Authored by ellis on Dec 20 2021, 12:14 PM.

Details

Summary

When using debug info for profile correlation, avoid adding duplicate
functions in the synthetic Data section.

Before this patch, n duplicate function entries in the Data section would
cause counter values to be a factor of n larger. I built instrumented
clang with and without debug info correlation and got these summaries.

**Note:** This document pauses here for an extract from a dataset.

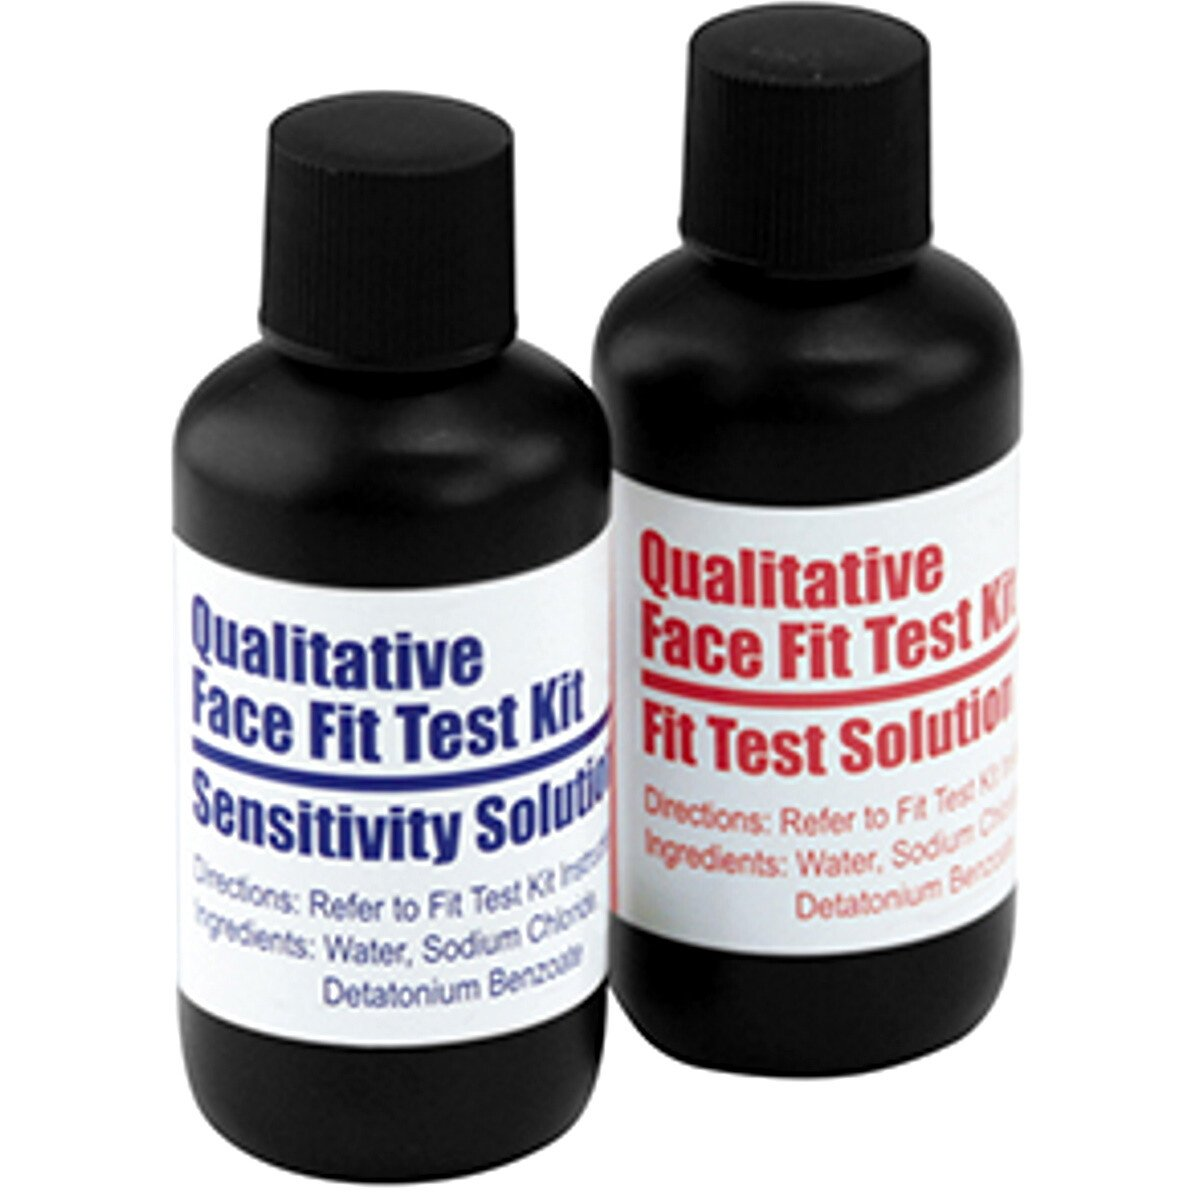 JSP BPT080-000-000 Bitrex Fit Test Solution - 2 x Bottles for Qualitative Face Fit Testing Kit

# With Debug Info Correlate
$ llvm-profdata show default.profdata
Instrumentation level: IR  entry_first = 0
Total functions: 182530
Maximum function count: 52034
Maximum internal block count: 5763

# Without
$ llvm-profdata show default.profdata
Instrumentation level: IR  entry_first = 0
Total functions: 183212
Maximum function count: 52034
Maximum internal block count: 5766

The slight difference in counts seem to be mostly from FileSystem and
Map functions and the difference in the number of instrumented functions
seems to come from missing debug info like destructors without source.

Diff Detail

Event Timeline

ellis created this revision.Dec 20 2021, 12:14 PM
ellis published this revision for review.Dec 20 2021, 12:16 PM
ellis edited the summary of this revision. (Show Details)
ellis added reviewers: kyulee, MaskRay.
Herald added a project: Restricted Project. · View Herald TranscriptDec 20 2021, 12:17 PM

I presume without debug-info related correlation (normal IRPGO), the metadata is merged by their linkage types/contents.
For my education, I wonder whether IRPGO might have the same named function with different different CFG shapes -- e.g., static functions.
This approach seems to pick the first appearance of metadata for the same named functions, and ignore the rest assuming they are all identical.
And also can we have a test case for this?

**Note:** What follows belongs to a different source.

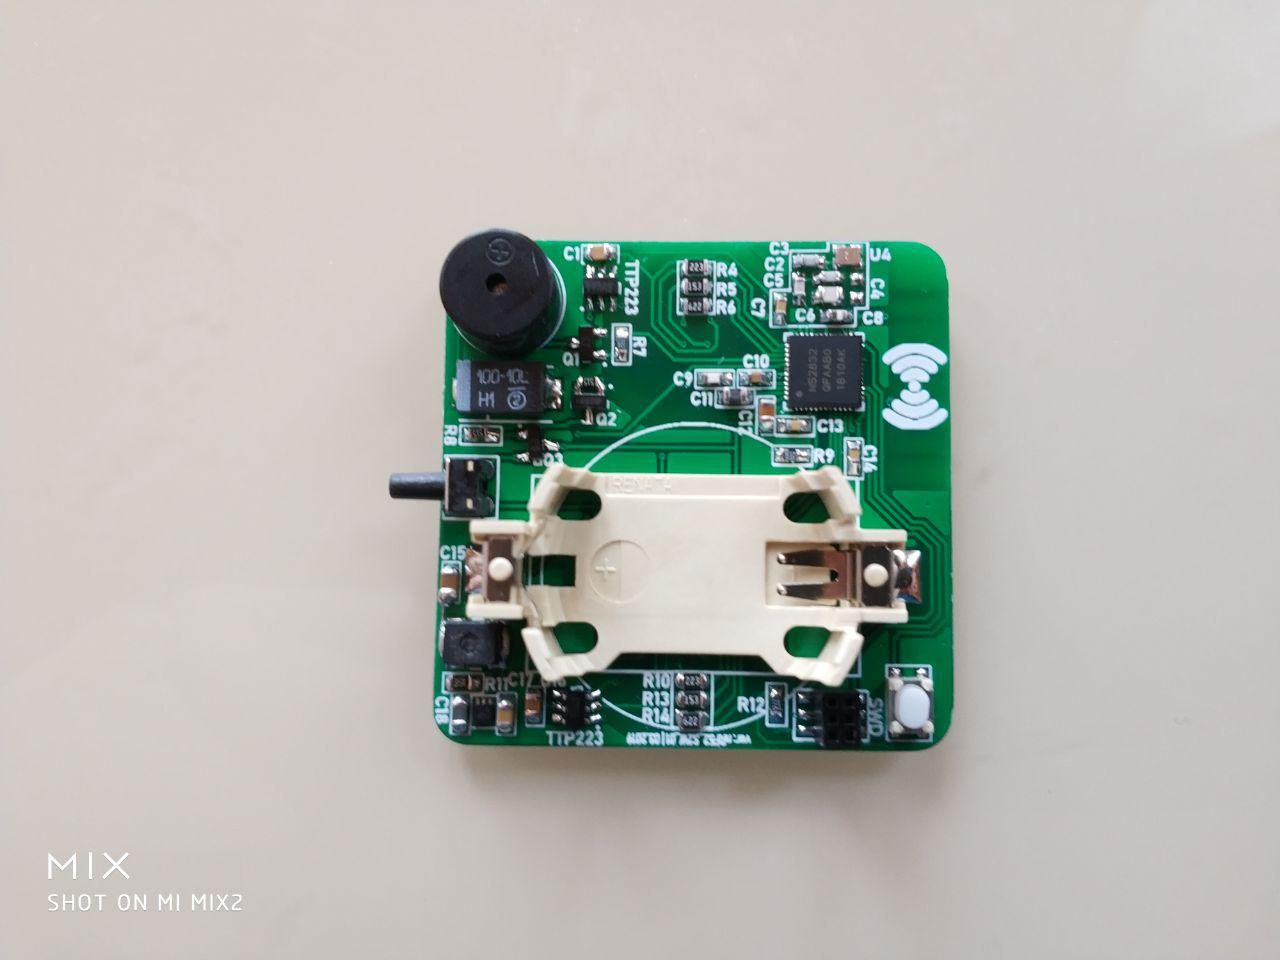 Сенсорный мини выключатель cо стеклянной панелью на nRF52832 - 4

ellis added a comment.Dec 20 2021, 1:49 PM

I presume without debug-info related correlation (normal IRPGO), the metadata is merged by their linkage types/contents.
For my education, I wonder whether IRPGO might have the same named function with different different CFG shapes -- e.g., static functions.
This approach seems to pick the first appearance of metadata for the same named functions, and ignore the rest assuming they are all identical.

IRPGO uses GlobalValue::getGlobalIdentifier() as the function name, which will prepend the filename if necessary. https://llvm.org/doxygen/Globals_8cpp_source.html#l00133
I suppose it might be more accurate to track the counter pointers and add an assert that if there are two entries with the same counter pointer, then they must have the same function name.

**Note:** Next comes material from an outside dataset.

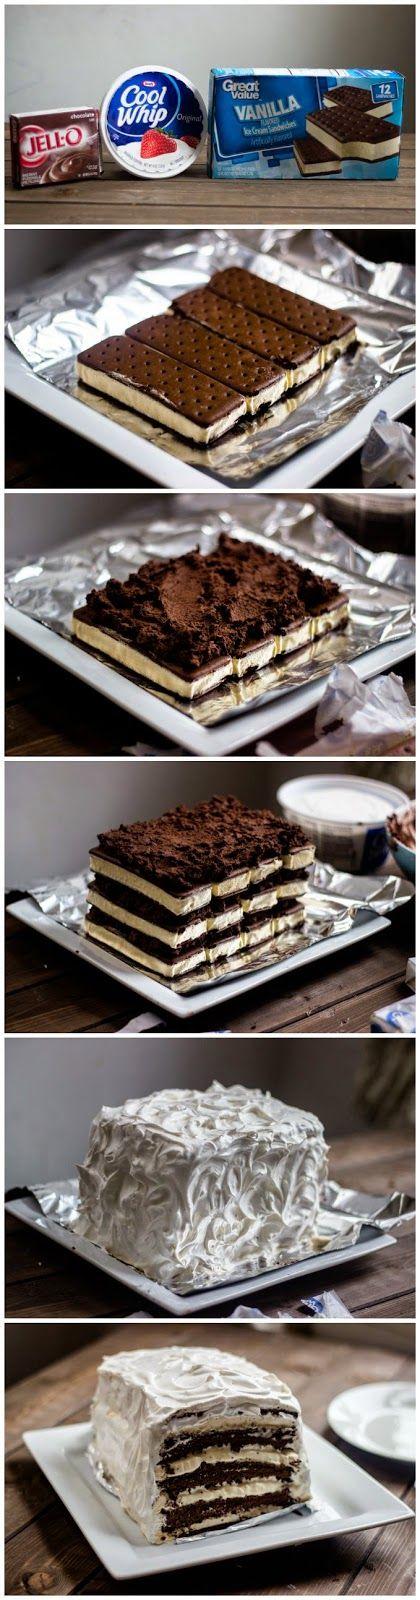 Chocolate Vanilla Ice Cream Cake

And also can we have a test case for this?

I can try to find a reproducer, but I assume it would require more than one module.

ellis updated this revision to Diff 395762.Dec 21 2021, 3:08 PM

Use CounterOffset to find duplicate probes and refactor the compiler-rt test to check this case.

Herald added a project: Restricted Project. · View Herald TranscriptDec 21 2021, 3:08 PM
Herald added a subscriber: Restricted Project. · View Herald Transcript
ellis updated this revision to Diff 395911.Dec 22 2021, 11:39 AM

Clear CounterOffsets set to save memory.

Makes sense to check deduplication using counter address instead of function name.
LGTM.

kyulee accepted this revision.Dec 28 2021, 12:38 PM
This revision is now accepted and ready to land.Dec 28 2021, 12:38 PM
This revision was landed with ongoing or failed builds.Dec 28 2021, 2:21 PM
This revision was automatically updated to reflect the committed changes.